緊急出版『市民と野党の共闘で政権交代を』
政治を変える、今が絶好のチャンス

 先月末、あけび書房から『市民と野党の共闘で政権交代を』が出版された。今秋の衆議院総選挙と来夏の参議院選挙を控え、その選挙の争点や市民お手に政治を取り戻すための課題について、各界の第一線で活躍する7人の寄稿をまとめた一冊だ。

 政治を変えるしかない

 著者の一人、法政大学名誉教授の五十嵐仁さん(70=八王子市)は「まさに、そのものズバリの題名です。今こそ、政治を変える極めて大きなチャンス」と話す。
 「コロナ感染対策も後手後手になり、人々の命が守られない。こんな状況はもうガマンの限界です」と五十嵐さん。
 どうすれば政治を変えられるか。五十嵐さんは本書で、市民と野党共闘が今まで積み重ねてきた経験と実績を、具体的にわかりやすく解説する。
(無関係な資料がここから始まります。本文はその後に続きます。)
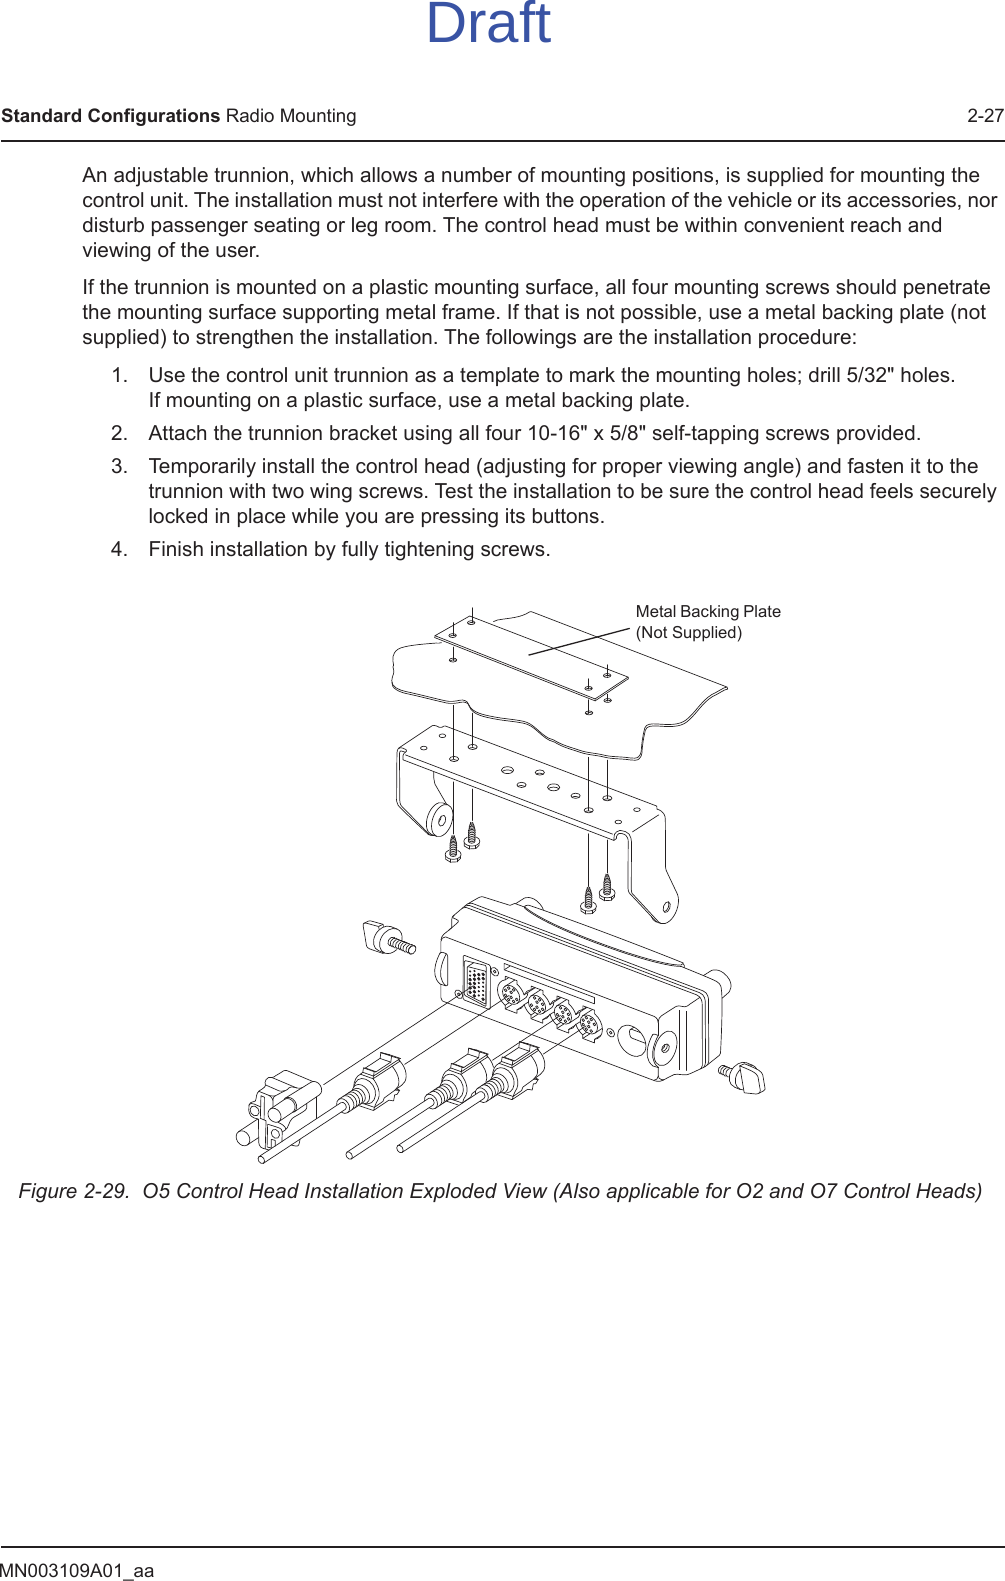 MN003109A01_aaStandard Configurations Radio Mounting 2-27An adjustable trunnion, which allows a number of mounting positions, is supplied for mounting the control unit. The installation must not interfere with the operation of the vehicle or its accessories, nor disturb passenger seating or leg room. The control head must be within convenient reach and viewing of the user.If the trunnion is mounted on a plastic mounting surface, all four mounting screws should penetrate the mounting surface supporting metal frame. If that is not possible, use a metal backing plate (not supplied) to strengthen the installation. The followings are the installation procedure:1. Use the control unit trunnion as a template to mark the mounting holes; drill 5/32&quot; holes.  If mounting on a plastic surface, use a metal backing plate.2. Attach the trunnion bracket using all four 10-16&quot; x 5/8&quot; self-tapping screws provided.3. Temporarily install the control head (adjusting for proper viewing angle) and fasten it to the trunnion with two wing screws. Test the installation to be sure the control head feels securely locked in place while you are pressing its buttons.4. Finish installation by fully tightening screws.Figure 2-29.  O5 Control Head Installation Exploded View (Also applicable for O2 and O7 Control Heads)Metal Backing Plate (Not Supplied)Draft

また気候変動など、日本を含む世界全体が時代の転換期にあることを指摘。今そのことを自覚し、真剣に取り組むべきと主張している。

 「命を守る選挙」へ行こう

 「秋の総選挙や来年の参院選は、極めて重要な意義があるだけでなく、市民の力を最大限に発揮できる選挙」と五十嵐さん。「多くの市民に本書を読んで欲しい。そして『命を守る選挙』に行って欲しい」と五十嵐さんはコメントしている。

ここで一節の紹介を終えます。